Given material >>
————————

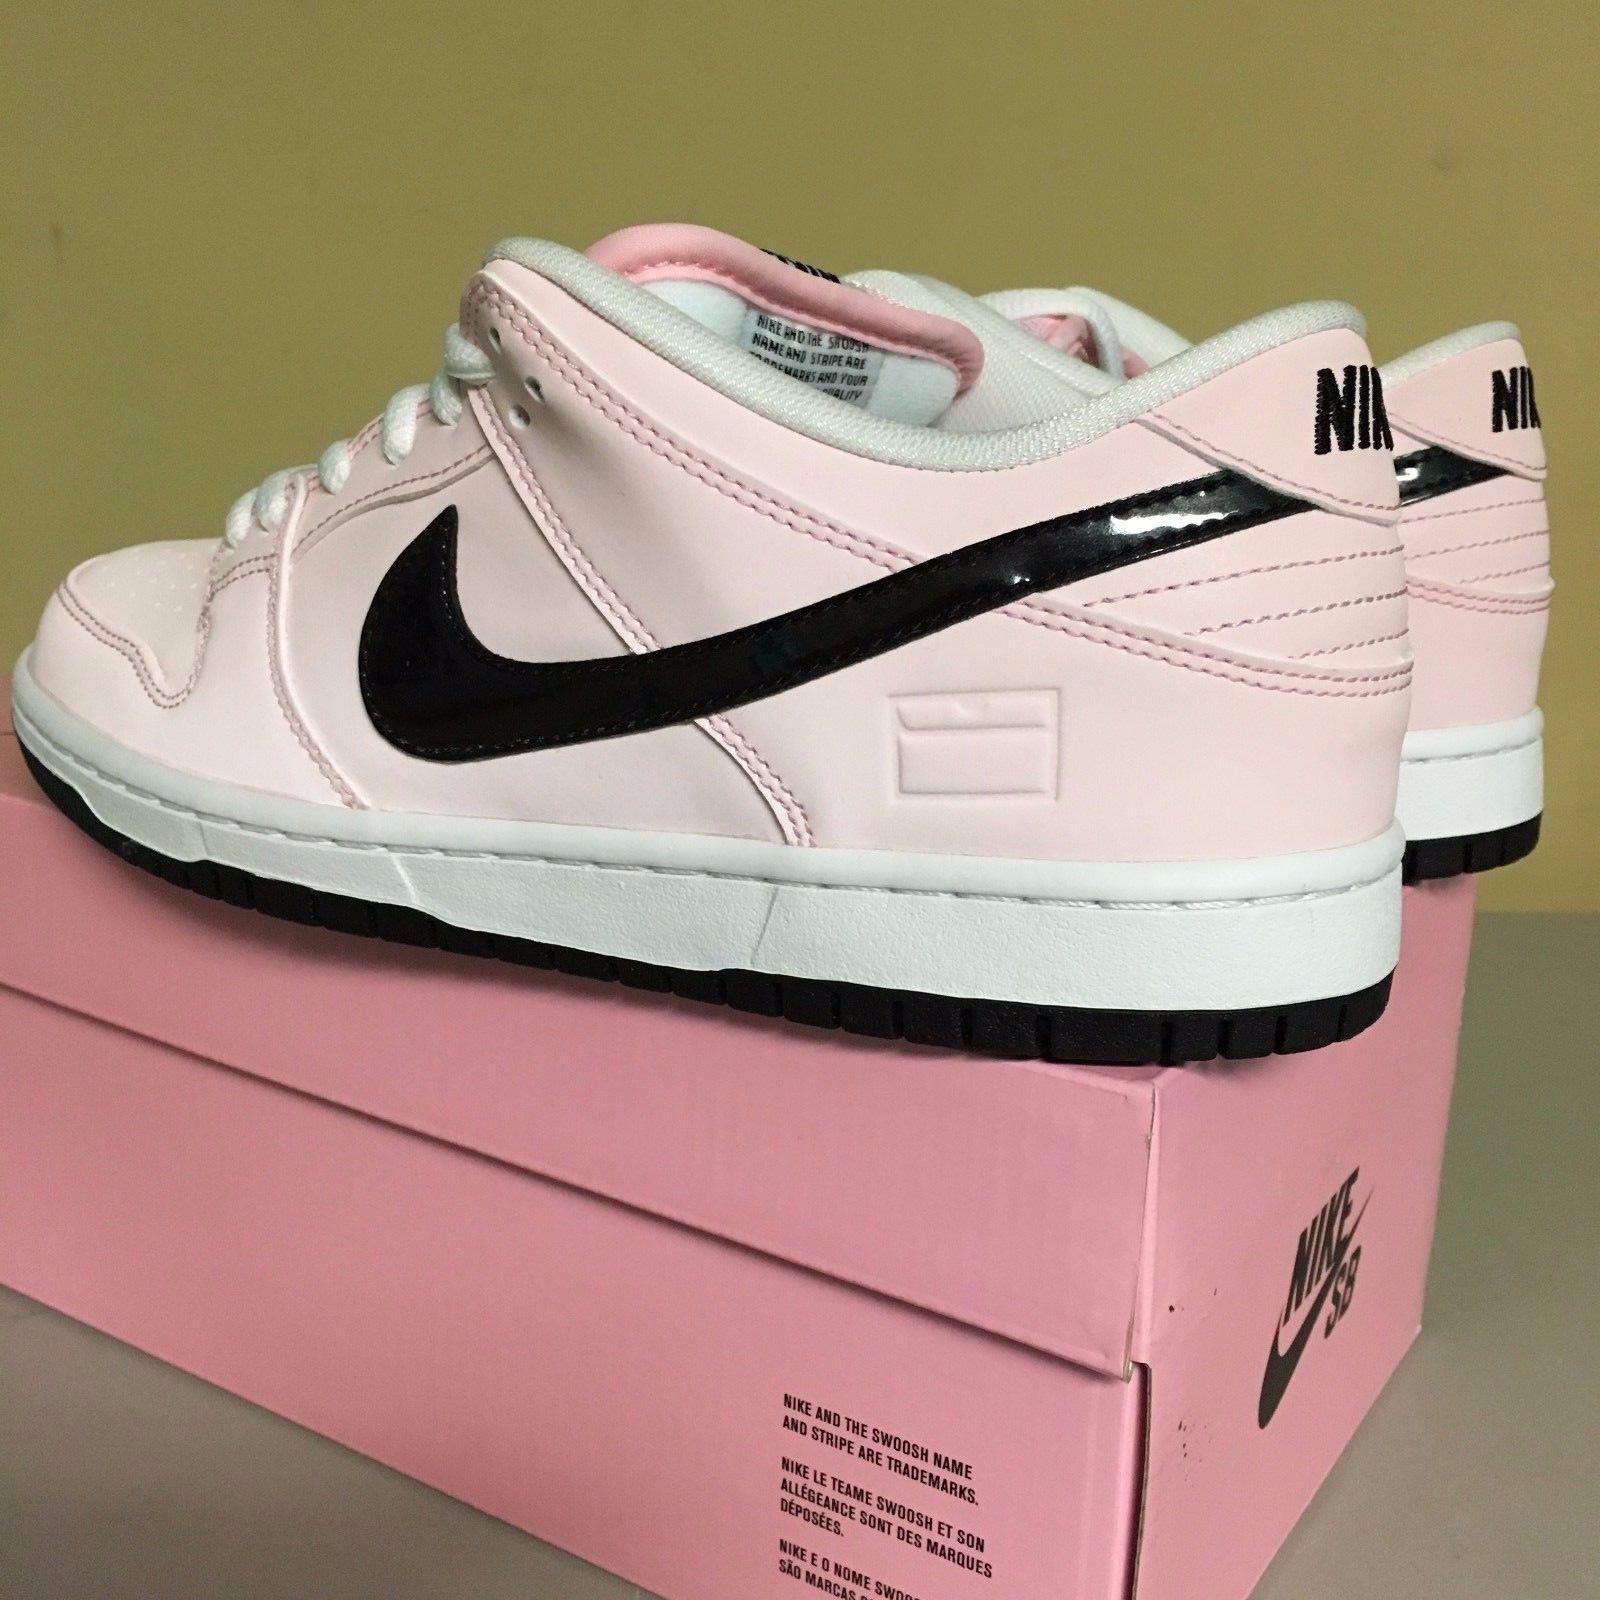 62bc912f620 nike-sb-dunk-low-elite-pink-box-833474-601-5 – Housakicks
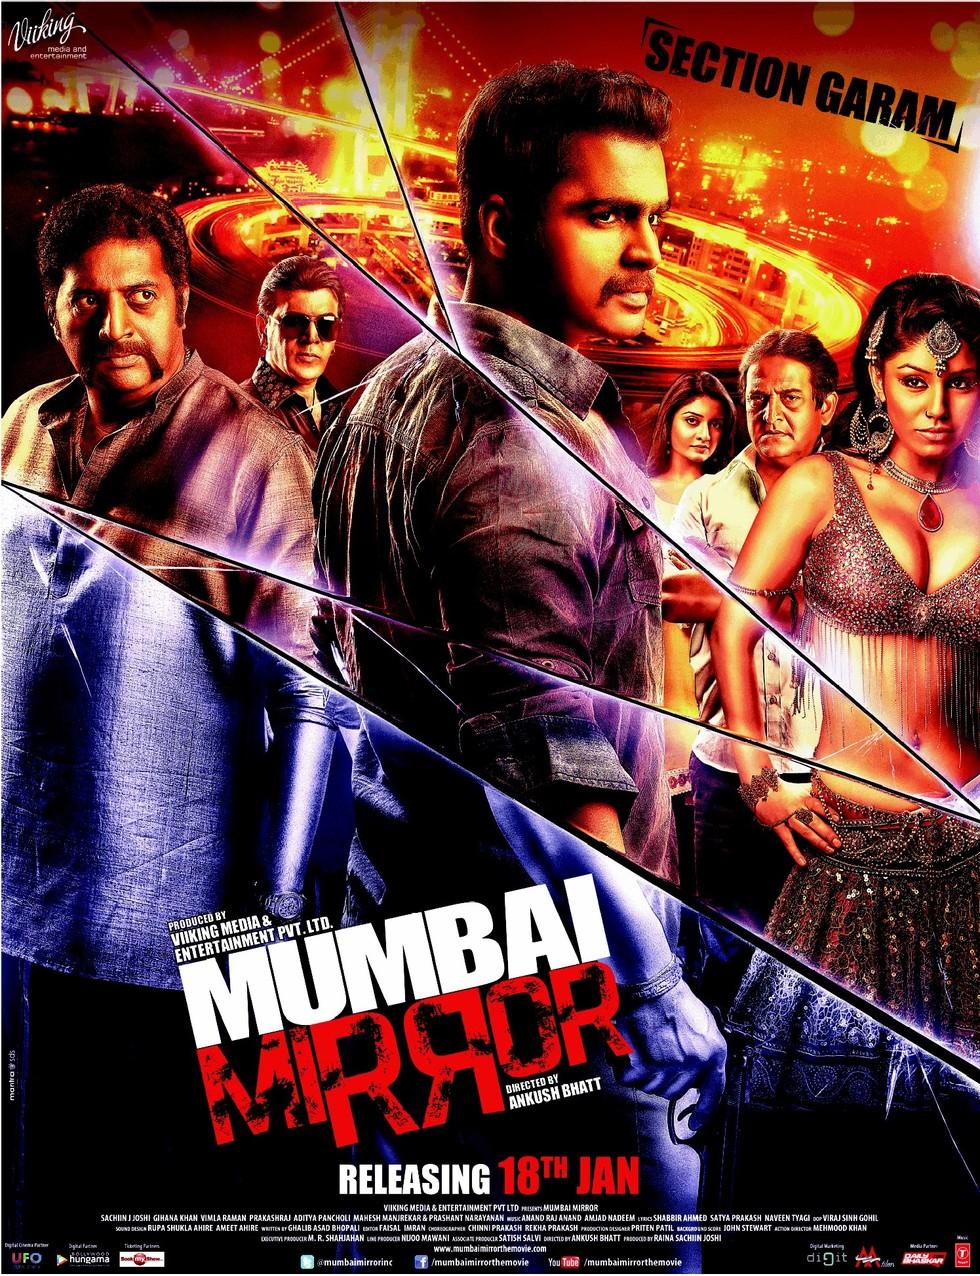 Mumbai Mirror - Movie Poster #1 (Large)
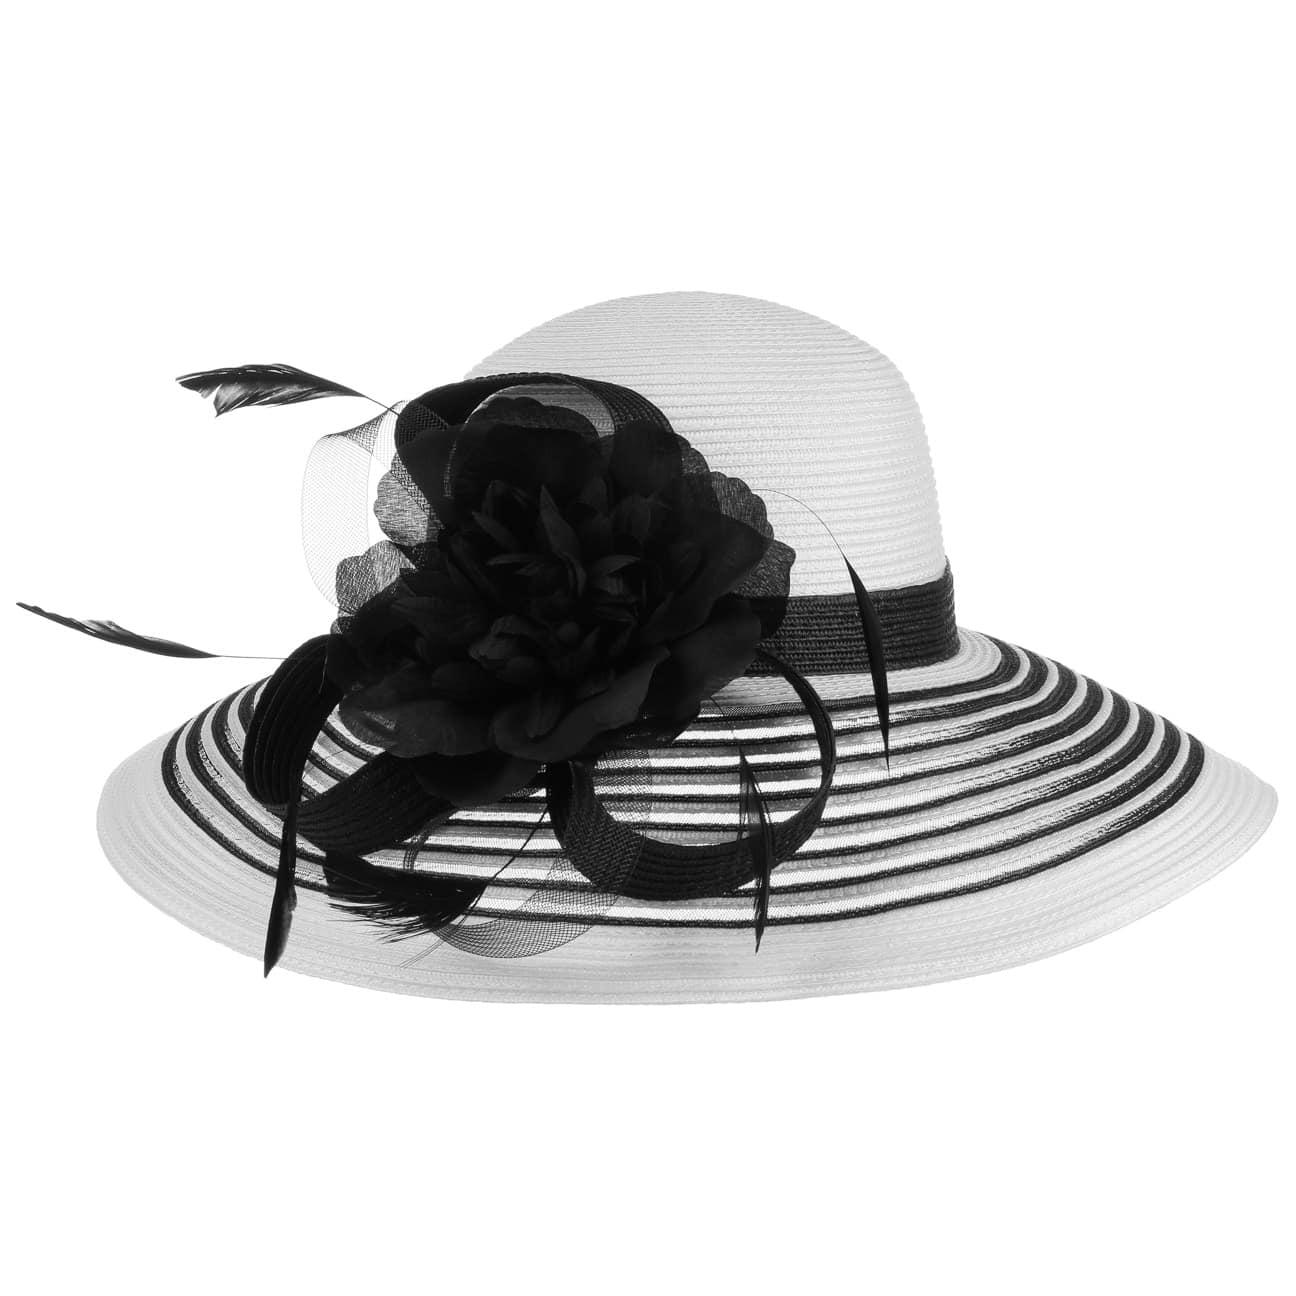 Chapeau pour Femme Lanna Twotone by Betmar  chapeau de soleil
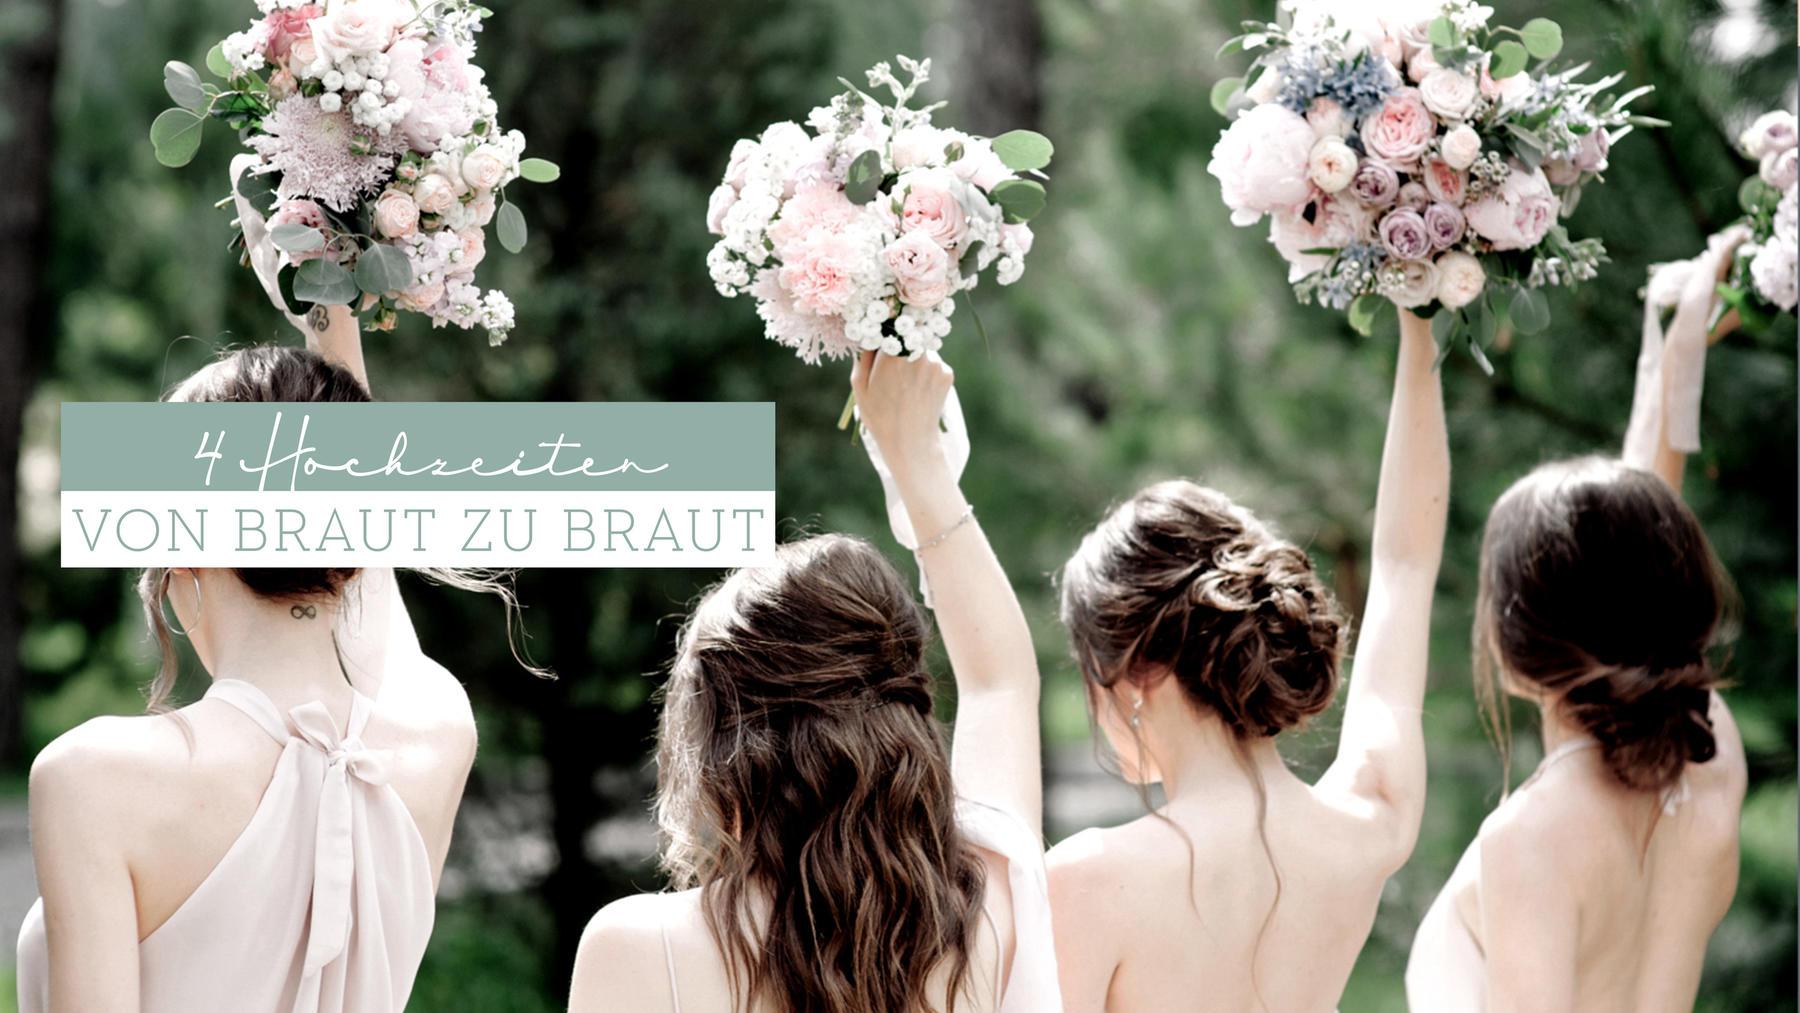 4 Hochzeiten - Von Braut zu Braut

————————

What you should do >> The expected answer is the lines from the one that has "Mumbai Mirror - Movie Poster #1 (Large)" to the end of the listing, transcribed exactly, with pictures left out and no other line added.

Output of the exercise >>
 Mumbai Mirror - Movie Poster #1 (Large)
 Chapeau pour Femme Lanna Twotone by Betmar  chapeau de soleil
 4 Hochzeiten - Von Braut zu Braut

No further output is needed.